You may have learned by now that the sum of the three angles in a triangle is equal to $ \displaystyle \boldsymbol{180{}^\circ} $; this is because the angles of a triangle can be rearranged to form a straight line. The formal reason for this is the Triangle Sum Theorem, which also states that if the measures of two angles of a triangle are known, the measure of the third angle can be determined. This is simple math, right?
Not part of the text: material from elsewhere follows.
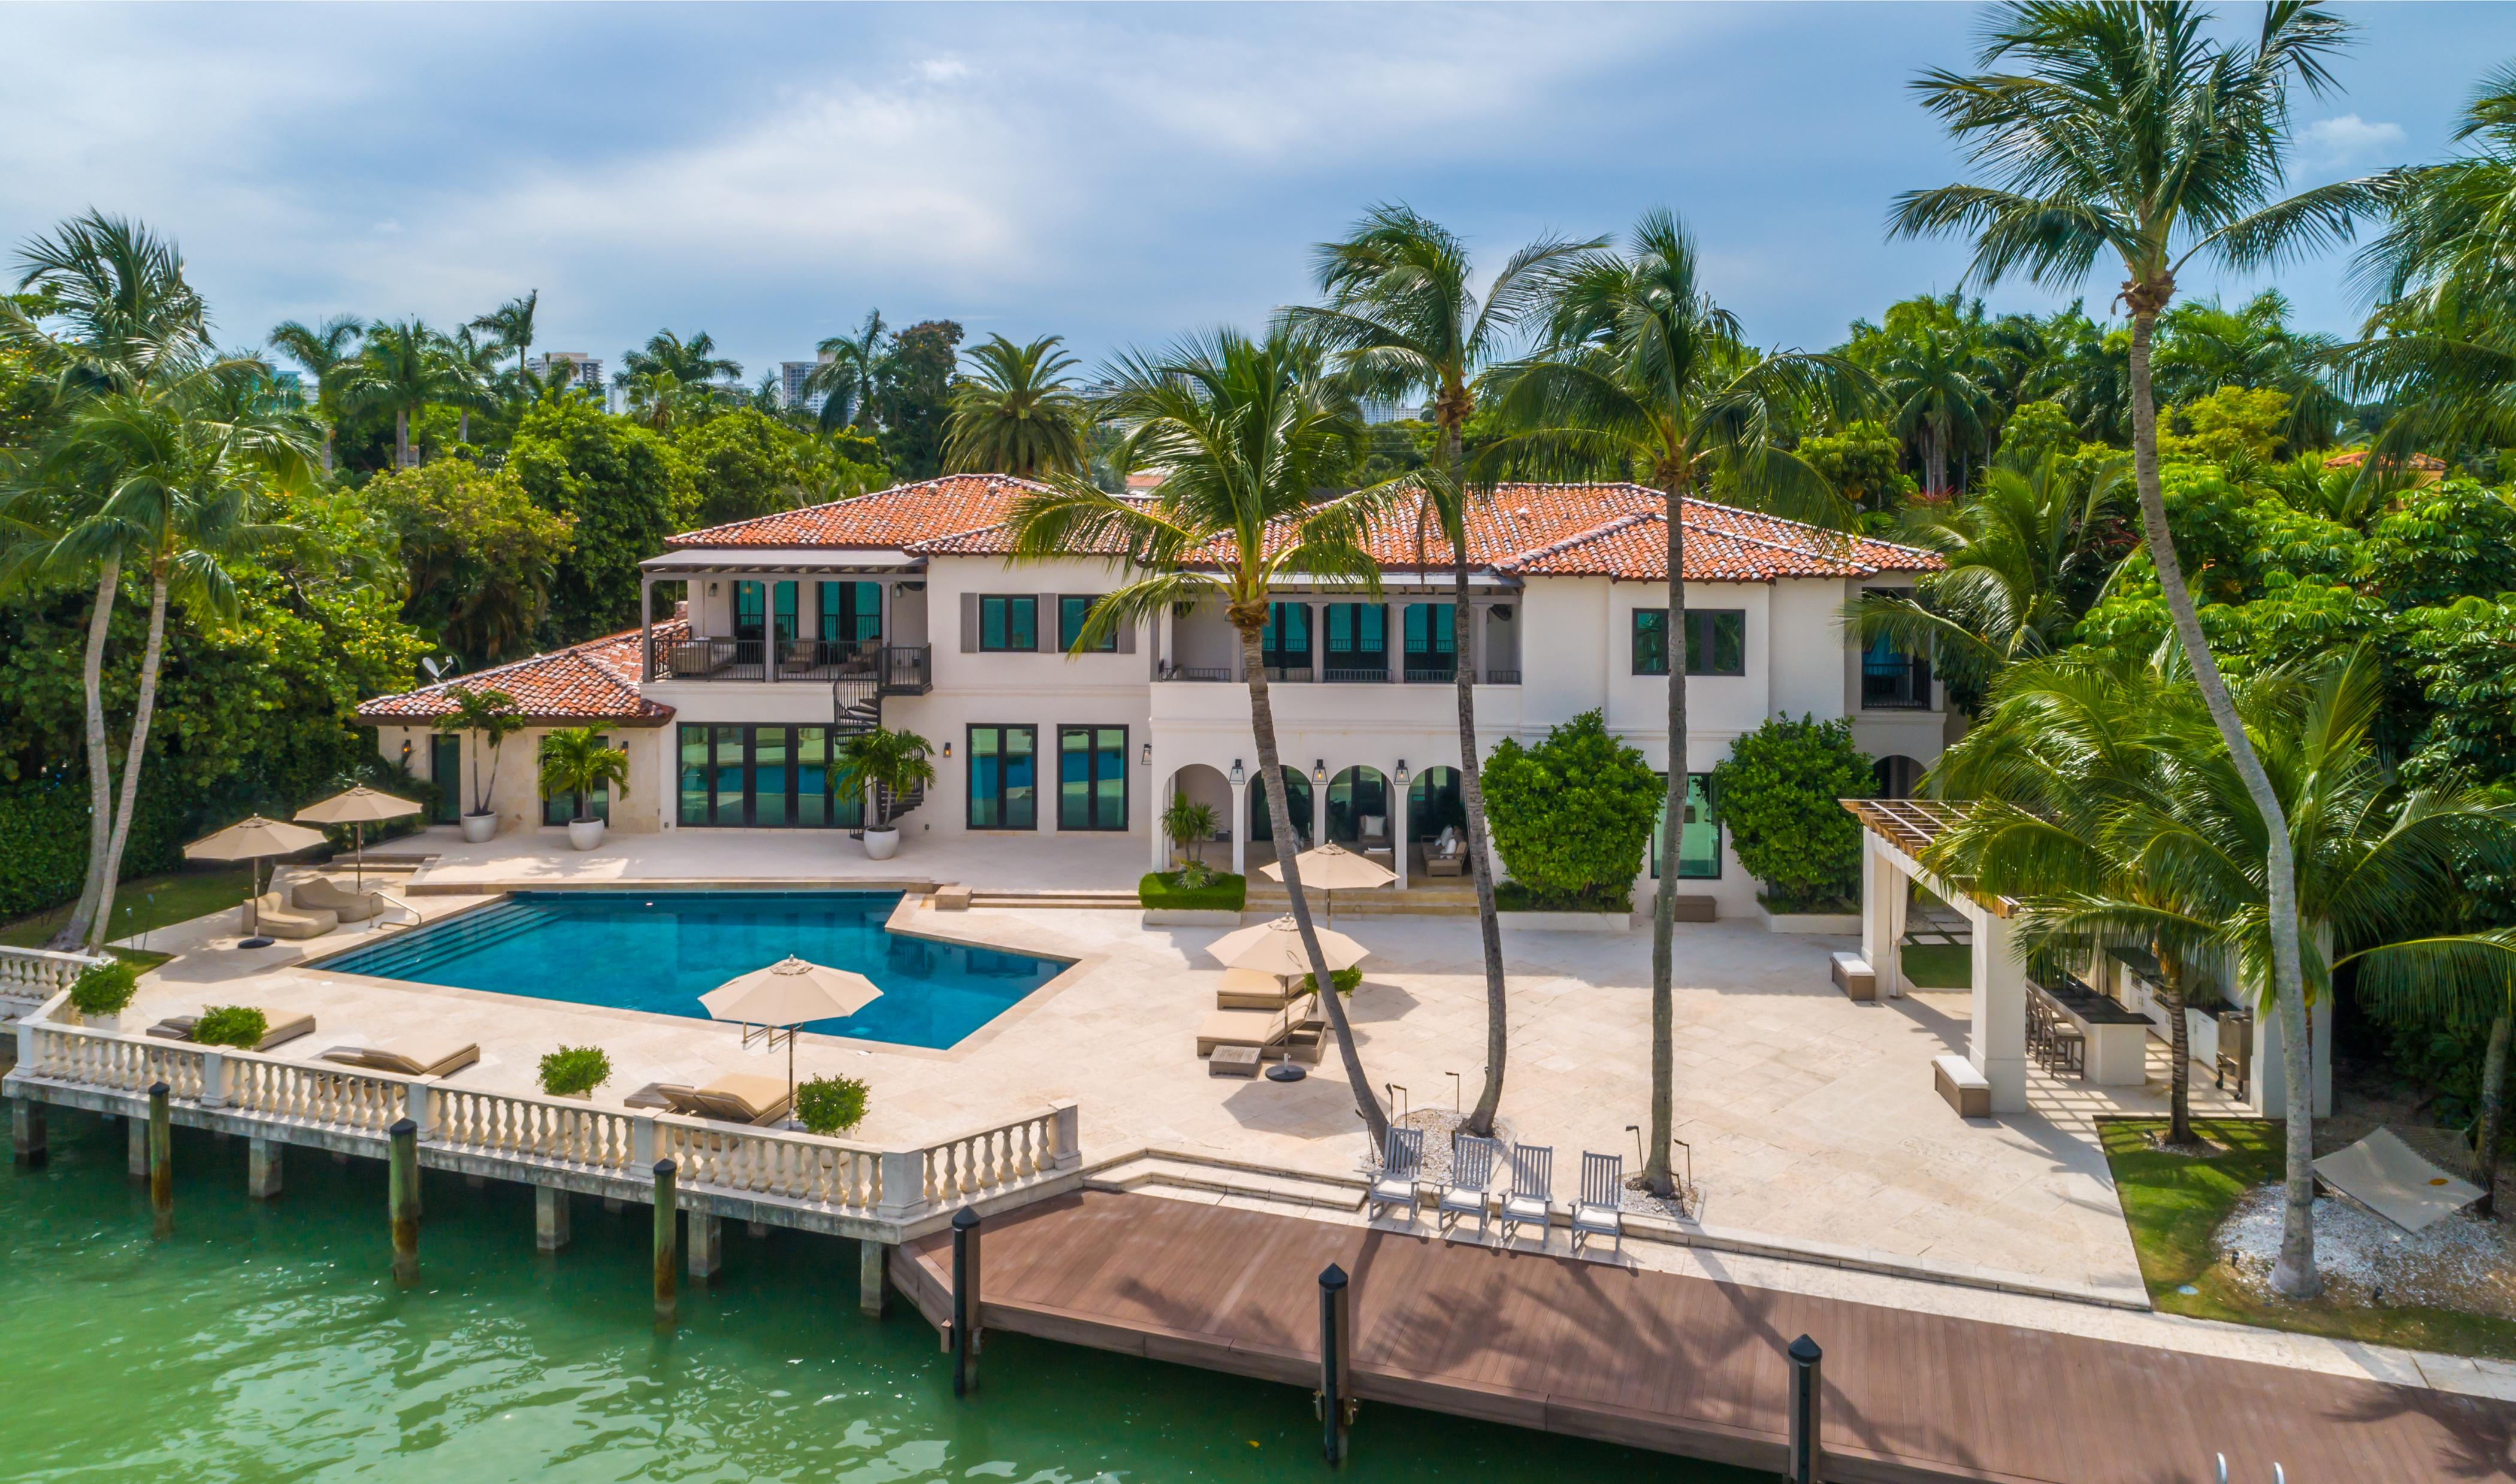 Dwyane Wade's Miami Beach mansion seeks $32.5 million photo

From this, we can prove the Exterior Angle Theorem, which states that the measure of an exterior angle of at triangle (angle on the outside formed by a side and an extension of an adjacent side) is equal to the sum of the measures of the two interior angles that are not adjacent (called remote interior angles):

$ \displaystyle m\angle 1 +m\angle 2=m\angle 3 $

Two corollaries come from this theorem (using simple addition or subtraction):

- - - Acute angles of a right triangle are complementary (their sum equals $\displaystyle 90{}^\circ )$.
    - A triangle can have at most one right or obtuse angle.

There are a few Triangle Inequality Theorems:

- - - For unequal sides of a triangle, the greater angles are opposite the greater sides, and the smaller angles are opposite the smaller sides. Try this yourself using scissors and your hand to created angles of a triangle.
    - The sums of lengths of any two sides in a triangle is greater than the length of the third side. Try this by drawing different triangles and noting the lengths of sides.

Congruent Triangles

Triangles with the same shape and size are congruent. In other words, two triangles are congruent if the three sides and angles are the same as the corresponding three sides and angles of the other triangle. Corresponding parts refer to the parts (the three sides and three angles) that are congruent between the congruent triangles; we can mark them to show which of the parts have the same measurement and thus are corresponding/congruent:

Note that it’s very important to label and name the triangles correctly; the angles of the first triangle must line up with the respective congruent angles of the second triangle. Thus, in the example above, $ \displaystyle \vartriangle ABC\cong \vartriangle DEF$, but $ \displaystyle \vartriangle ABC$ is not necessarly $ \cong$ to $ \vartriangle DFE$.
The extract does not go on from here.